Una buona prestazione per i gialloblù, tra i quali spicca un grande Lazovic, ma ci sono errori che hanno pesato molto sull’economia del match

Un buon Verona cade sul campo del Napoli al termine di una partita ben giocata, ma decisa da qualche errore di troppo, sia in fase difensiva che in quella offensiva: spicca la prestazione di Lazovic, il migliore tra i suoi, reggono il terzetto a protezione di Silvestri e il centrocampo, mentre stecca il reparto avanzato.

Di seguito, infatti, le nostre pagelle del match.

SILVESTRI: 6,5. Non può fare granché sui gol subiti, compie anche un paio di buonissimi interventi.
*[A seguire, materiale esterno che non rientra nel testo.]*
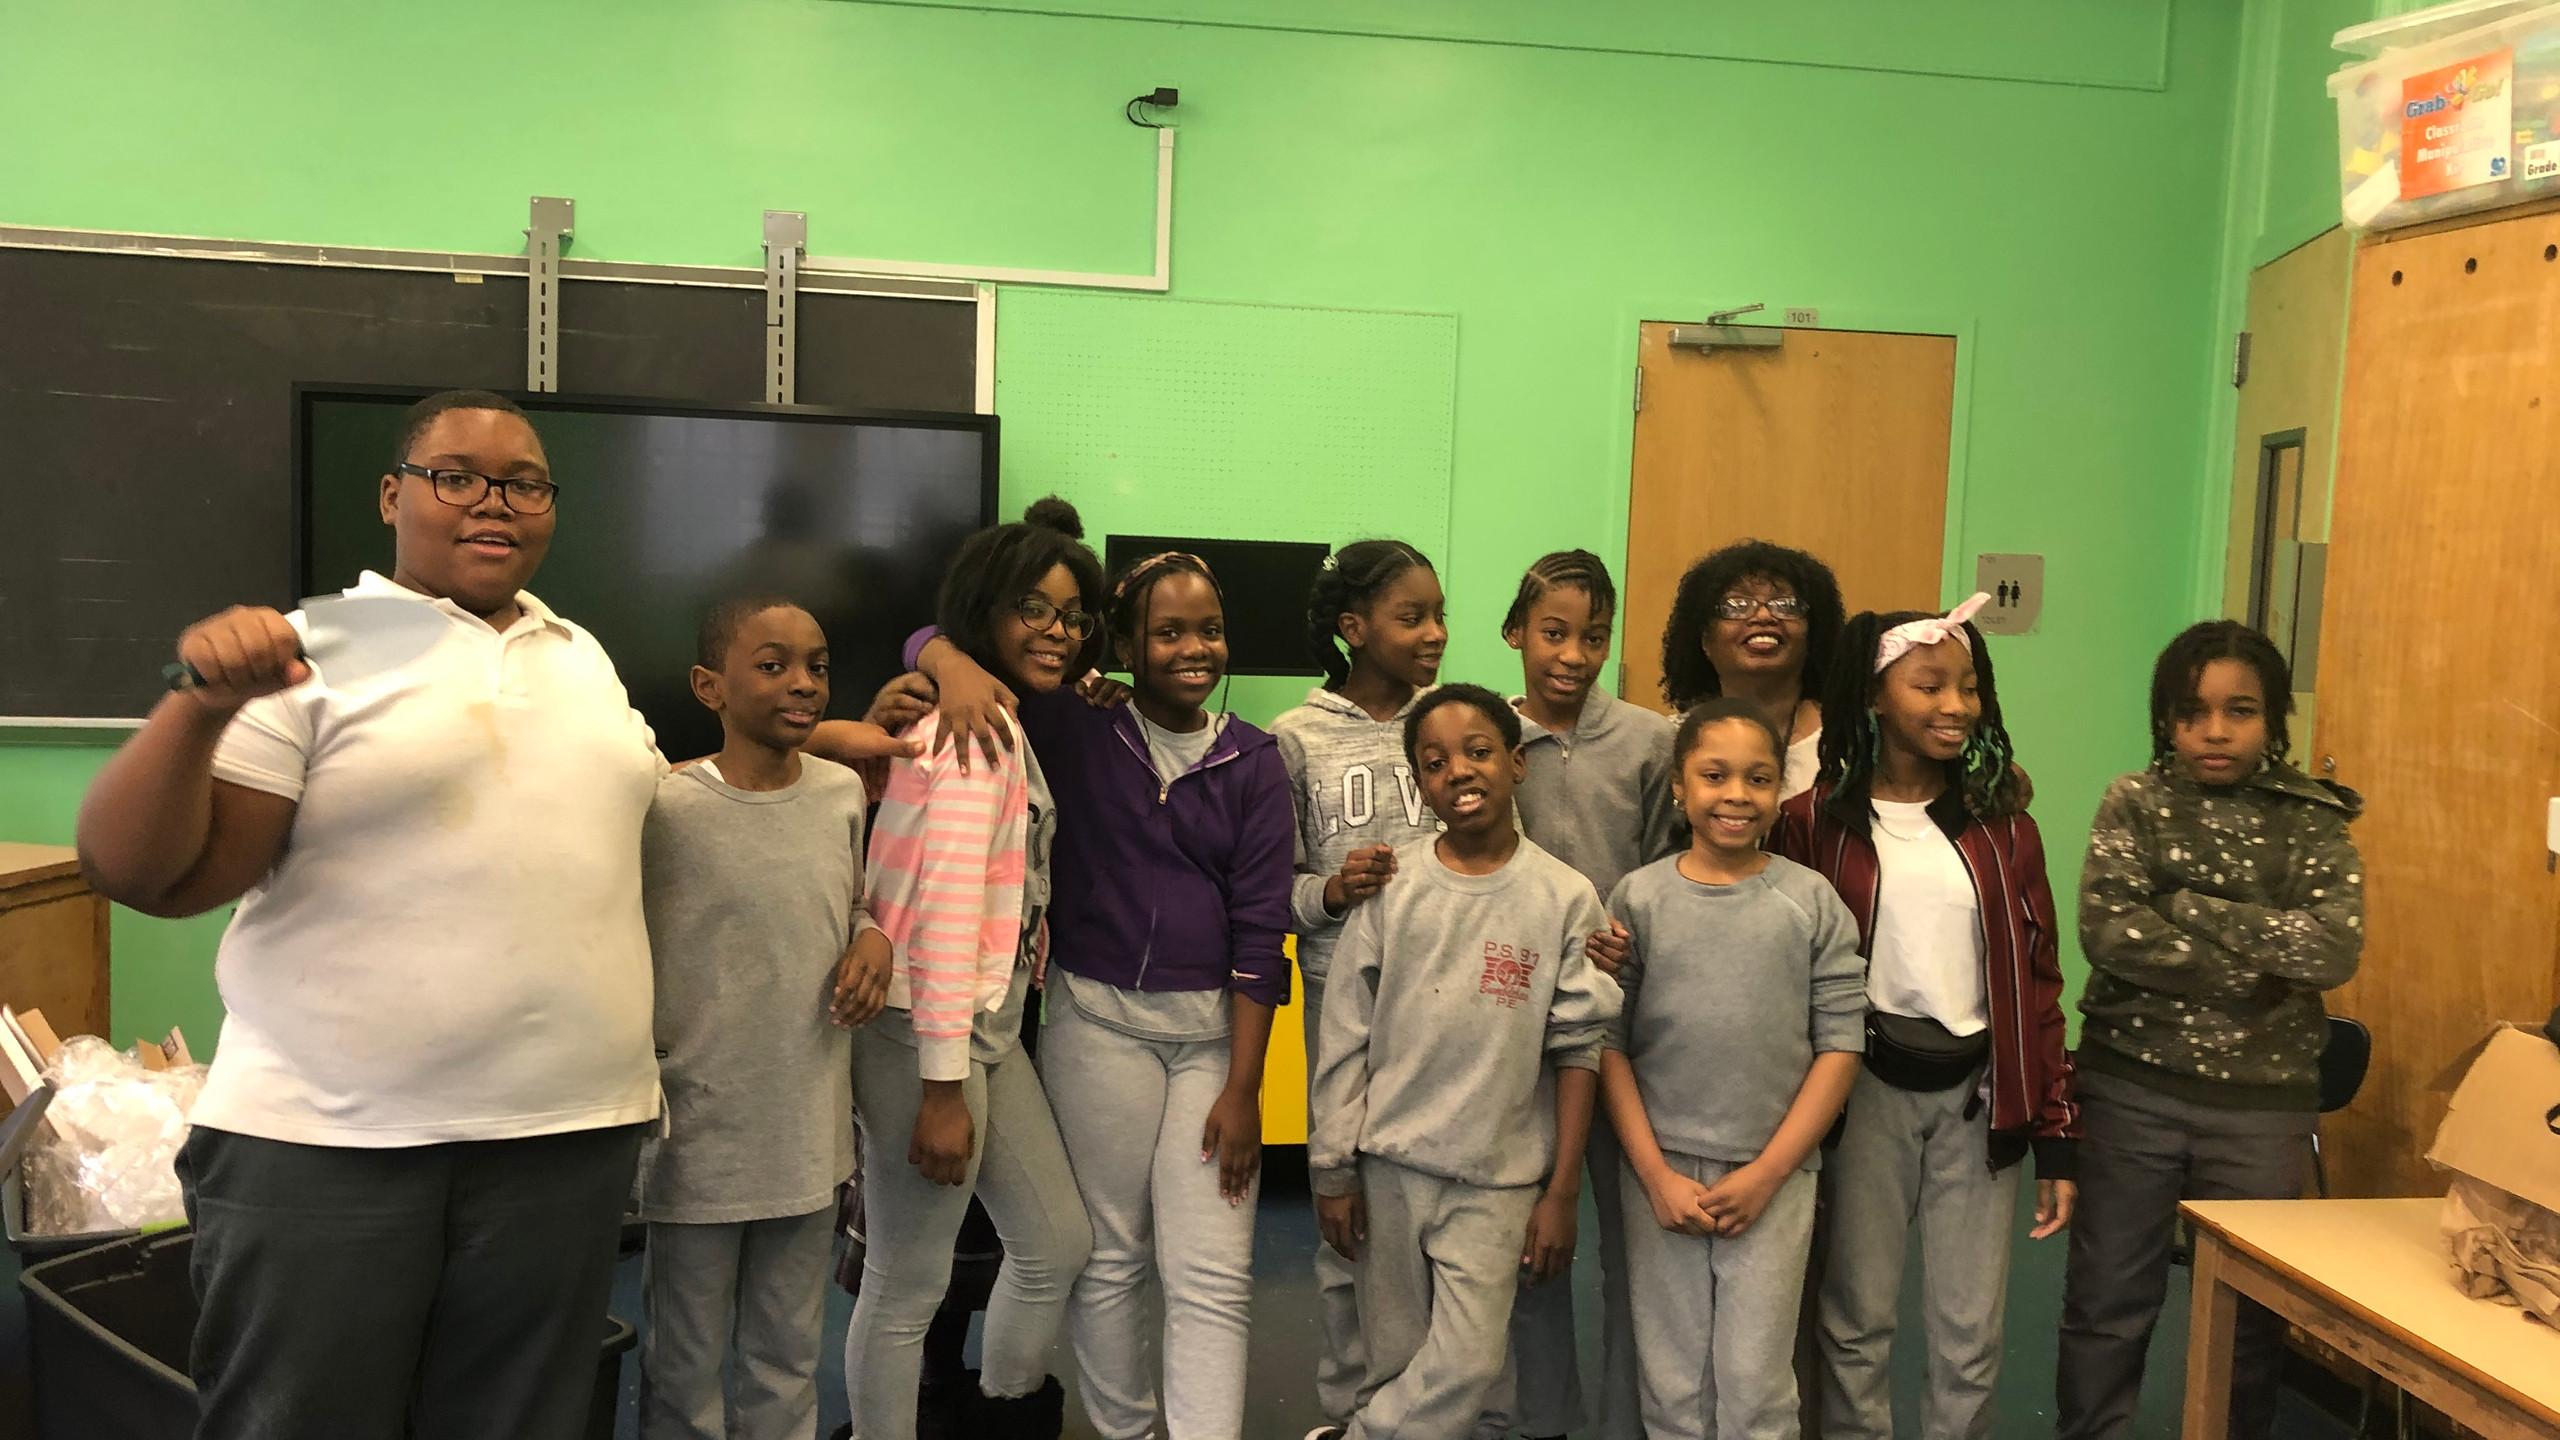 Ms Mack's STEM Students

RRAHMANI: 6. Anticipato in occasione del secondo gol da Milik: è l’unico errore in una partita quasi perfetta, ma è di fatto quello che chiude i conti. Il suo è il voto più difficile insieme a quello di Günter, ma visto il valore dell’avversario gli diamo una sufficienza.

KUMBULLA: 6. Non arriva sul pallone messo in mezzo da Fabian Ruiz in occasione dell’1-0, ma non sbaglia altro. Per un classe 2000 al San Paolo può bastare.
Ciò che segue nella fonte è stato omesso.